Criterion automatically detects performance regressions:
- Green: Performance improved
- Yellow: Within noise threshold
- Red: Performance regressed

## Profiling Integration

### With perf
```bash
cargo bench --bench temporal_bench -- --profile-time=10
perf record -g cargo bench --bench temporal_bench
perf report
```

### With flamegraph
```bash
cargo install flamegraph
cargo flamegraph --bench temporal_bench
```

### With valgrind (memory)
```bash
cargo bench --bench temporal_bench -- --profile-time=10
valgrind --tool=cachegrind target/release/temporal_bench
```

## Best Practices

### 1. Consistent Environment
- Close other applications
- Disable CPU frequency scaling
- Use consistent power settings
- Run multiple times

### 2. Baseline Establishment
```bash
# Create baseline
cargo bench -- --save-baseline main

# Compare against baseline
git checkout feature-branch
cargo bench -- --baseline main
```

### 3. Statistical Validity
- Minimum 30 samples for statistical significance
- Watch for outliers (high std dev)
- Multiple runs for consistency

### 4. Realistic Data
- Use production-like data sizes
- Include edge cases
- Test boundary conditions
- Vary input patterns

## CI/CD Integration

### GitHub Actions

```yaml
- name: Run benchmarks
  run: cargo bench --no-fail-fast

- name: Upload benchmark results
  uses: actions/upload-artifact@v3
  with:
    name: benchmark-results
    path: target/criterion/
```

### Performance Tracking

Store baseline results in repo:
```bash
git add target/criterion/*/base/
git commit -m "Update benchmark baselines"
```

## Optimization Workflow

1. **Identify bottlenecks**: Run benchmarks, check reports
2. **Profile**: Use flamegraph/perf for hotspots
3. **Optimize**: Make targeted improvements
4. **Verify**: Re-run benchmarks
5. **Compare**: Check against baseline
6. **Document**: Update if targets change

## Common Issues

### High Variance
- System load too high
- Thermal throttling
- Background processes
- Insufficient samples

**Solution**: Increase sample size, close applications, check CPU frequency.

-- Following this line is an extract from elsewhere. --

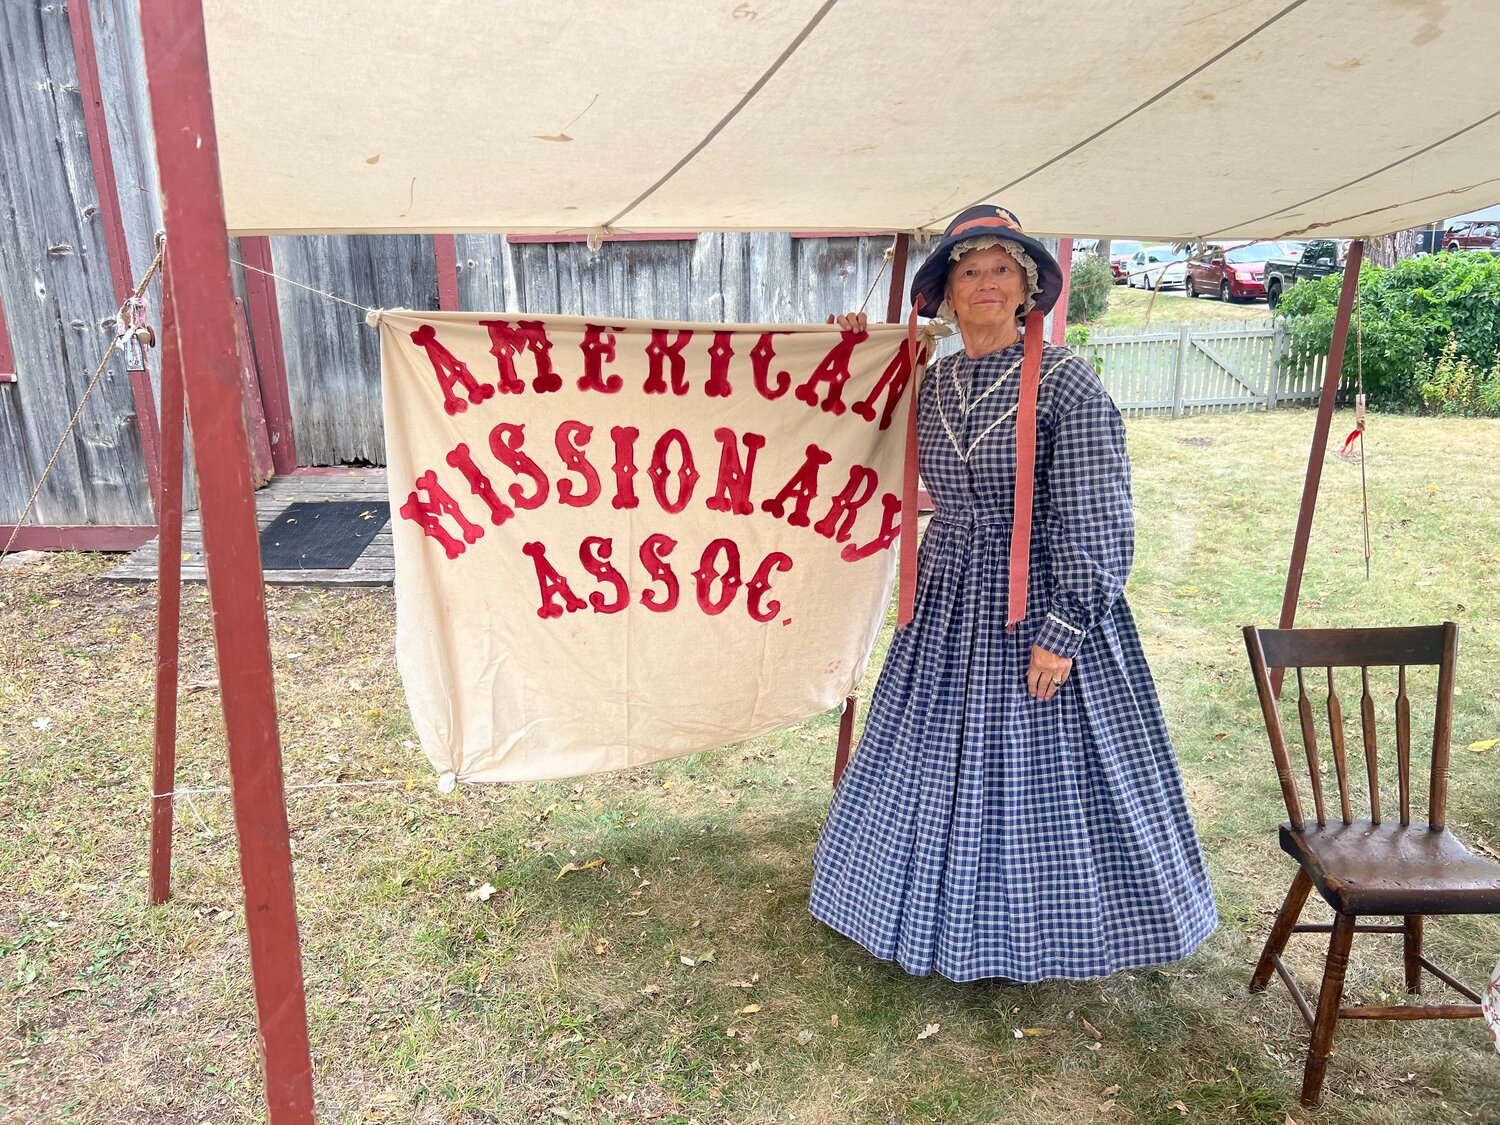 Linda Louise Bryan of Maplewood played the part of a member of the American Missionary Association, which sponsored missions in Canada for those who had escaped via the Underground Railway. The organization was critical in teaching reading and independent living skills to former slaves. Bryan’s hope is that the community continues to embrace the Civil War Weekend for years to come. “This is one of the best ways for families to experience living history,” she said.

### Unexpected Regressions
- Compiler version changes
- Dependency updates
- System configuration
- Measurement noise

**Solution**: Compare multiple runs, check git diff, validate hardware.

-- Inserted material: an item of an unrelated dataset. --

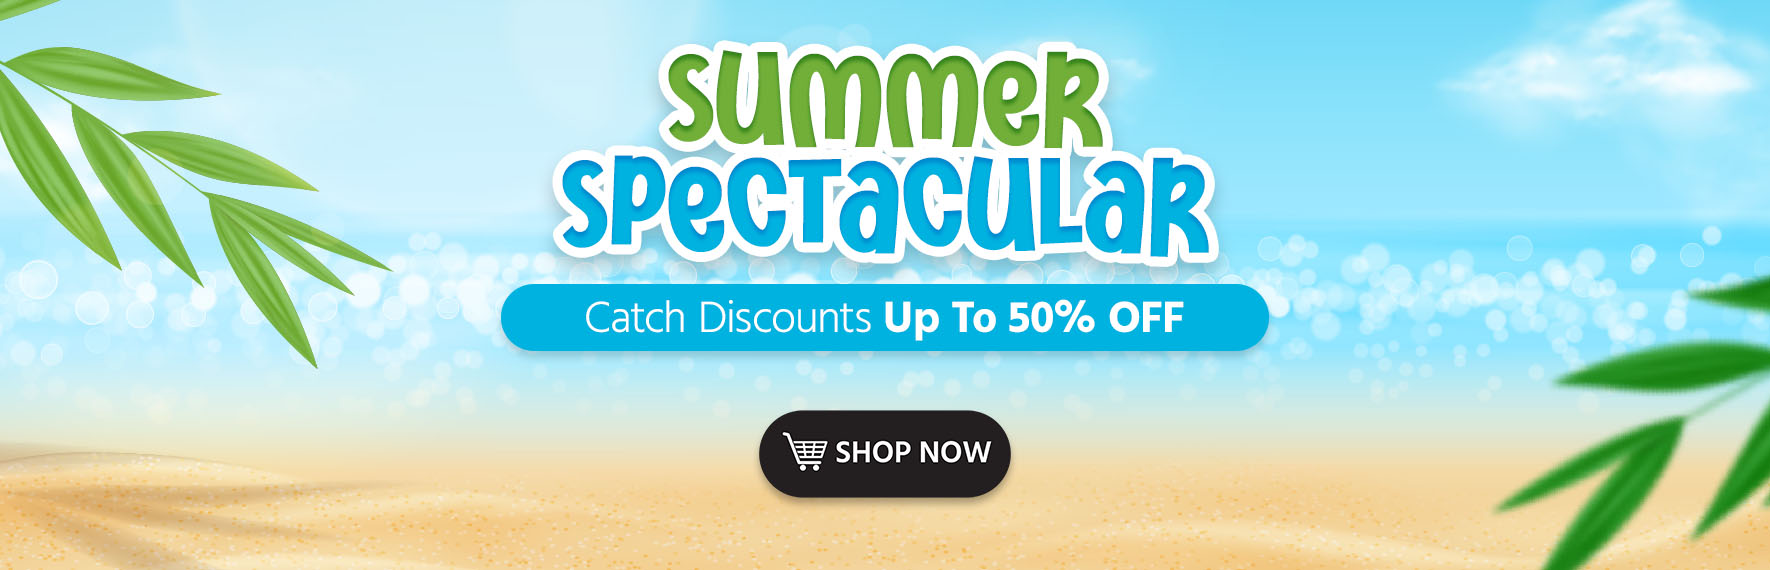 Summer Spectacular Catch Discounts Up to 50% Off! Shop Now

### Memory Benchmarks Inconsistent
- GC timing (if applicable)
- Allocator behavior
- Page faults
- Cache effects

**Solution**: Increase warmup time, use fixed heap size, minimize allocations.

## Future Enhancements

- [ ] Continuous benchmark tracking
- [ ] Performance regression alerts
- [ ] Cross-platform comparison
- [ ] Memory profiling integration
- [ ] Automated optimization suggestions
- [ ] Benchmark result visualization
- [ ] Historical trend analysis

## Resources

- [Criterion.rs Documentation](https://bheisler.github.io/criterion.rs/book/)
- [Rust Performance Book](https://nnethercote.github.io/perf-book/)
- [Linux perf Tutorial](https://perf.wiki.kernel.org/index.php/Tutorial)

---

**Summary**: All 6 crates now have comprehensive benchmarks covering core functionality, edge cases, and integration scenarios. Total ~2,800 lines of benchmark code targeting specific performance goals for each crate.